Please give the whole listing again word for word, and drop any pictures it holds.

▸ **Dataset section**:
######

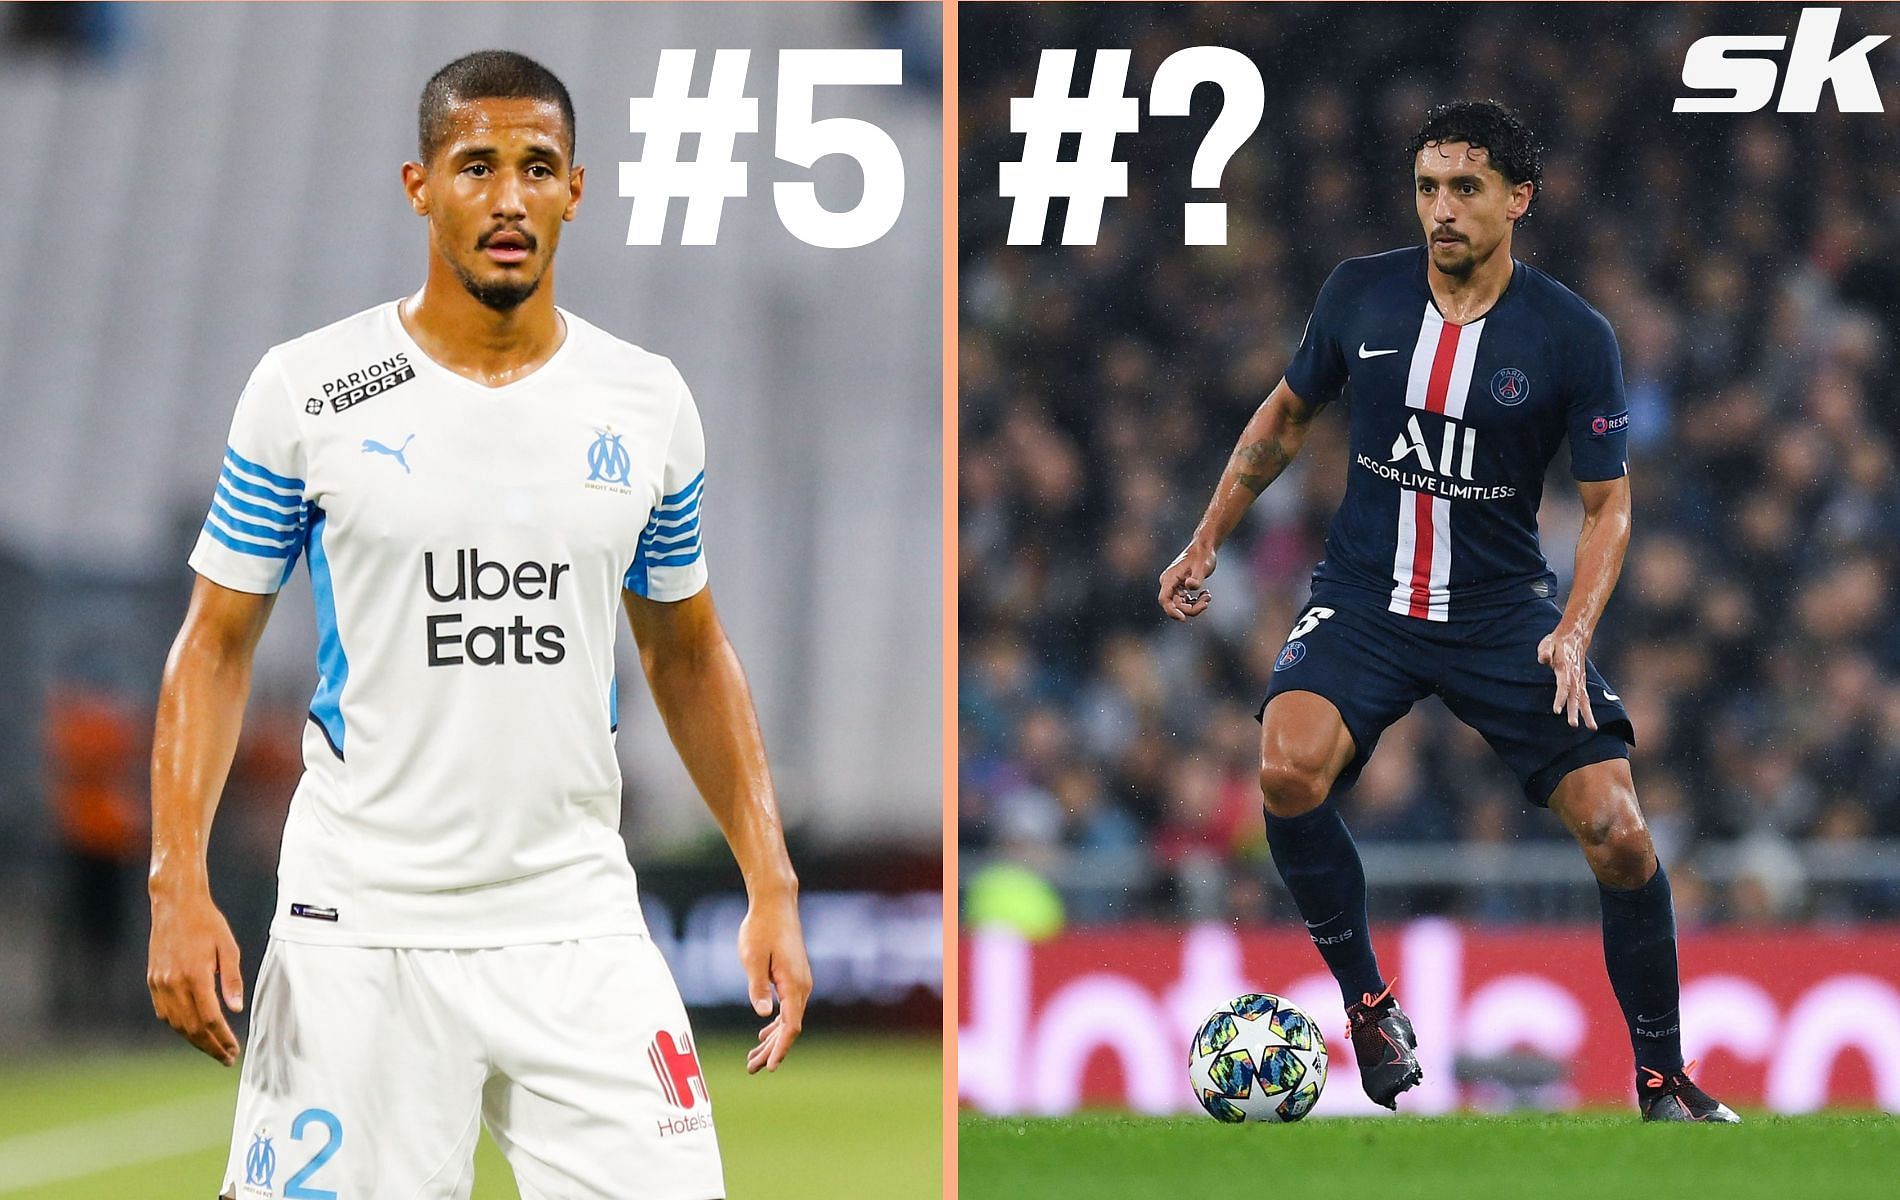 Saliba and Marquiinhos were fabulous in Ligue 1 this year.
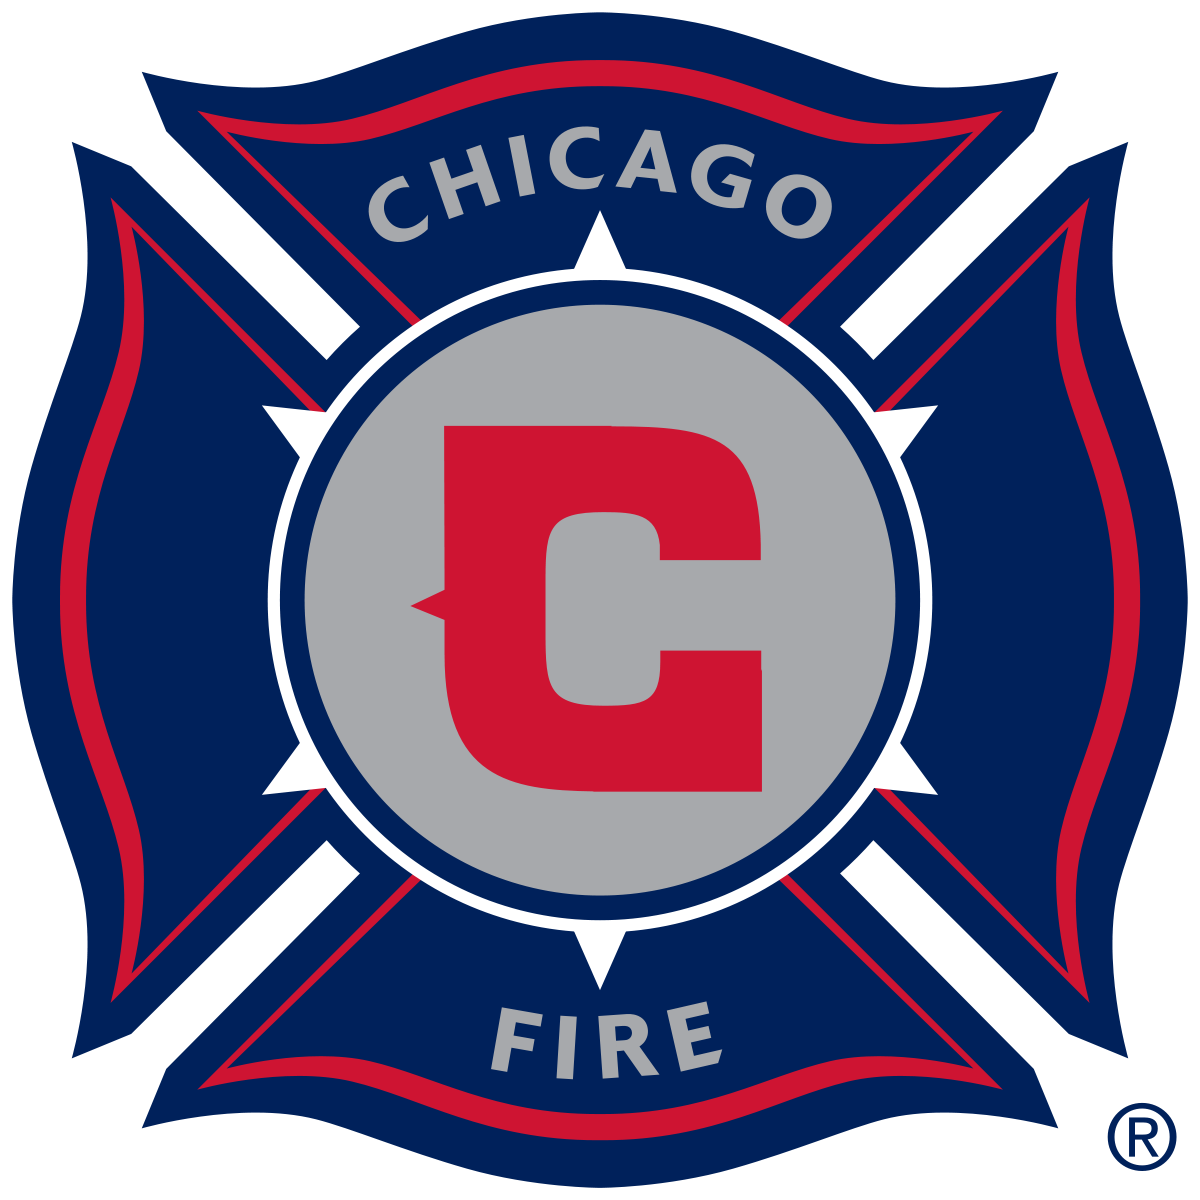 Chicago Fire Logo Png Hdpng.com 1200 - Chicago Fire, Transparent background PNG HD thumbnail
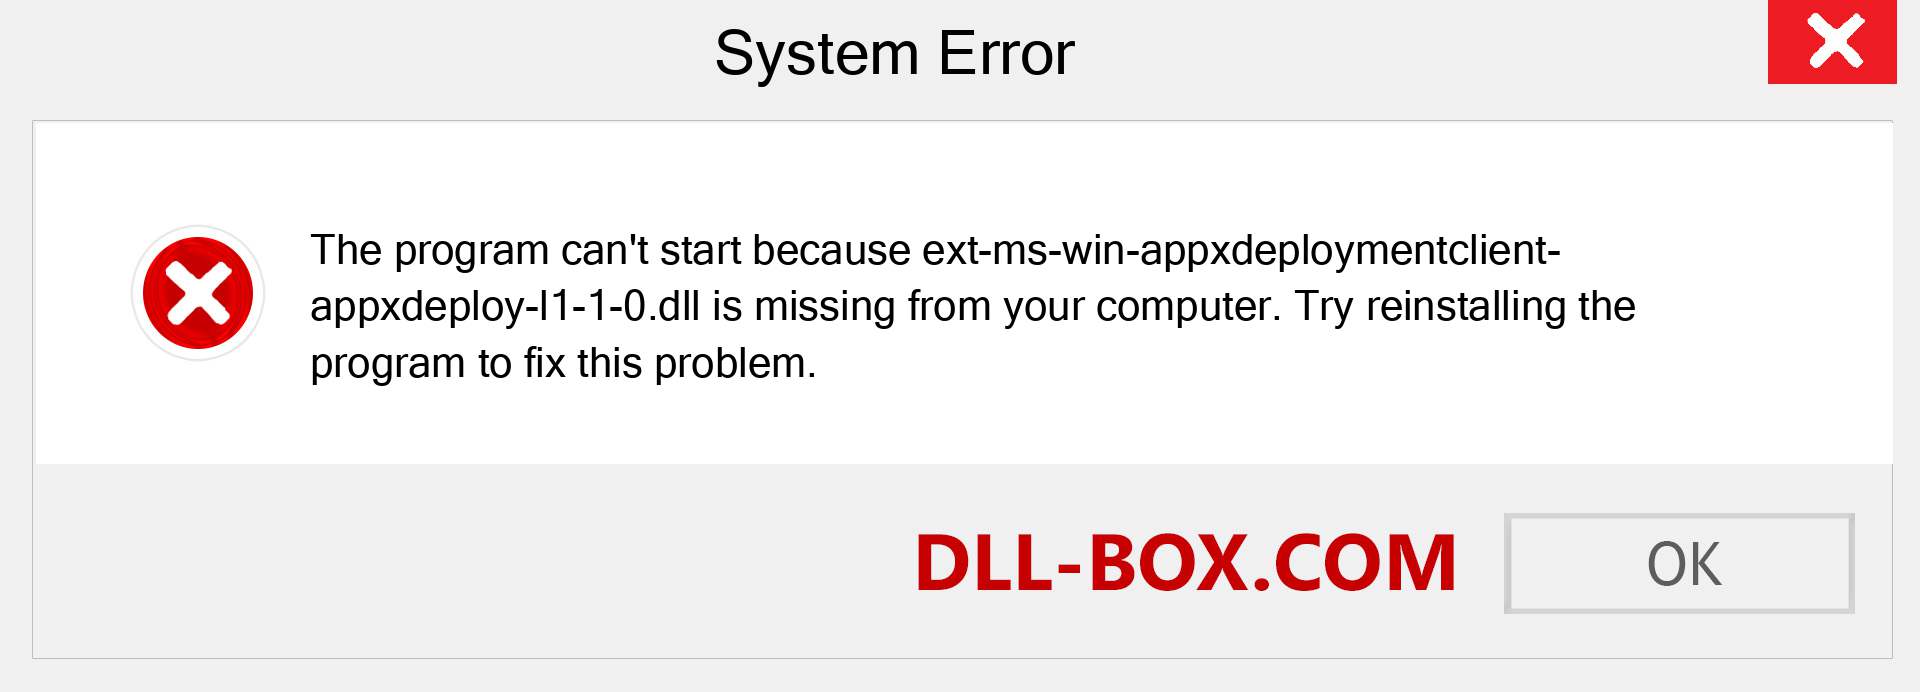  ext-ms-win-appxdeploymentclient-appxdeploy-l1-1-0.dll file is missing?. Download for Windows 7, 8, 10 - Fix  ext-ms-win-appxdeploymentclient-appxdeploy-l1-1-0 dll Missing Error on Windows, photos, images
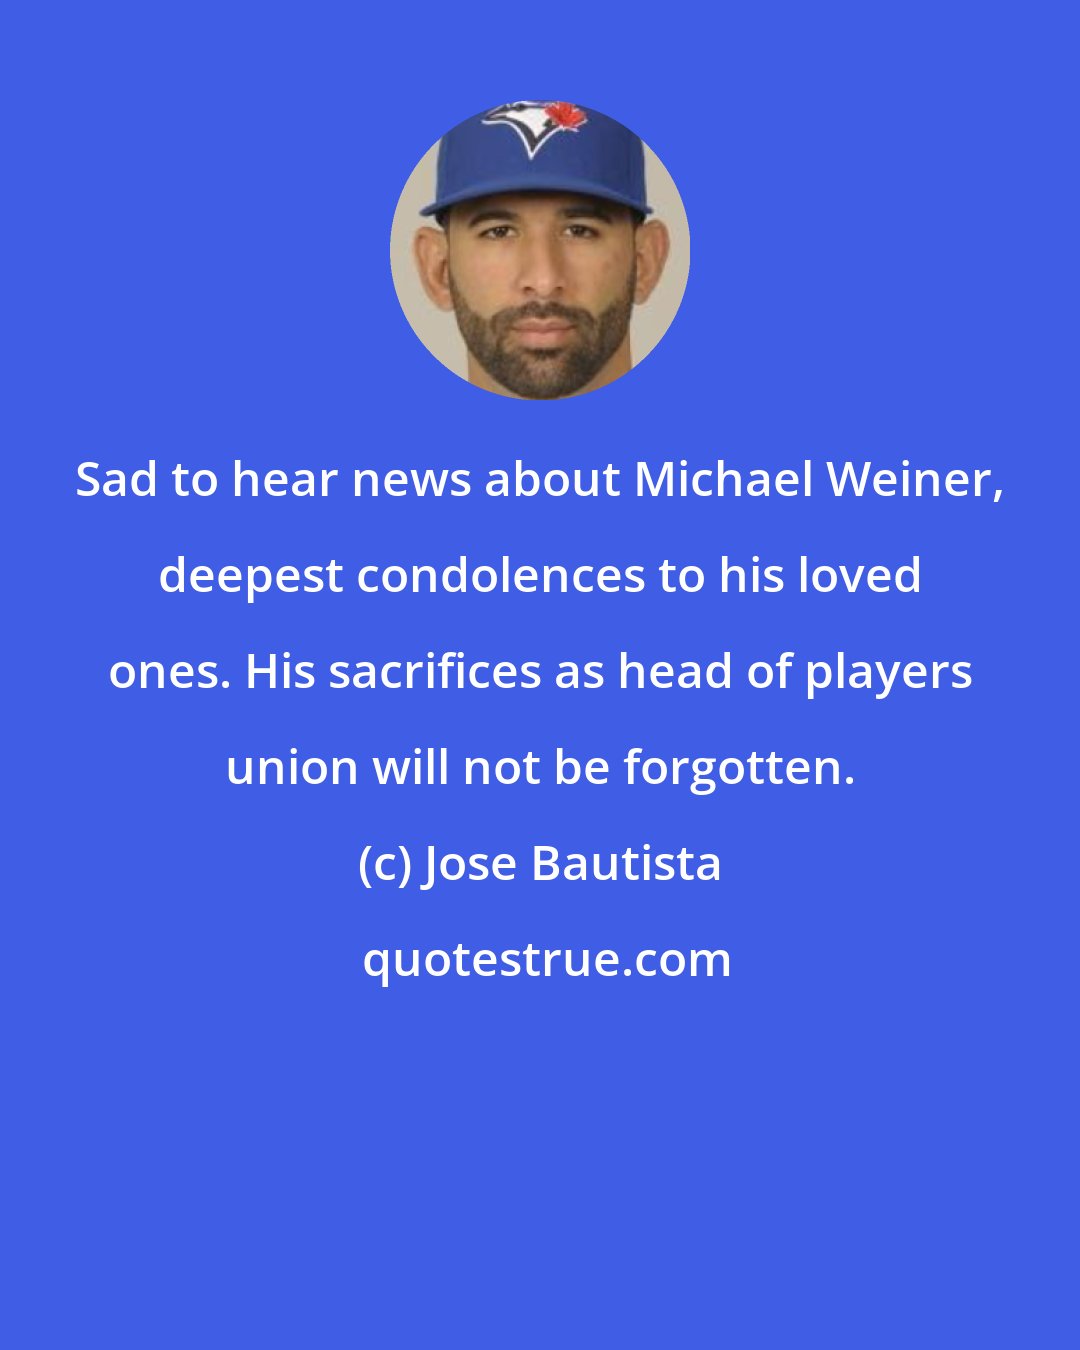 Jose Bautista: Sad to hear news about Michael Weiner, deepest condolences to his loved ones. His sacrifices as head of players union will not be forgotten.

######

▸ **Response for this exercise**:
 Saliba and Marquiinhos were fabulous in Ligue 1 this year.
 Chicago Fire Logo Png Hdpng.com 1200 - Chicago Fire, Transparent background PNG HD thumbnail
  ext-ms-win-appxdeploymentclient-appxdeploy-l1-1-0.dll file is missing?. Download for Windows 7, 8, 10 - Fix  ext-ms-win-appxdeploymentclient-appxdeploy-l1-1-0 dll Missing Error on Windows, photos, images
 Jose Bautista: Sad to hear news about Michael Weiner, deepest condolences to his loved ones. His sacrifices as head of players union will not be forgotten.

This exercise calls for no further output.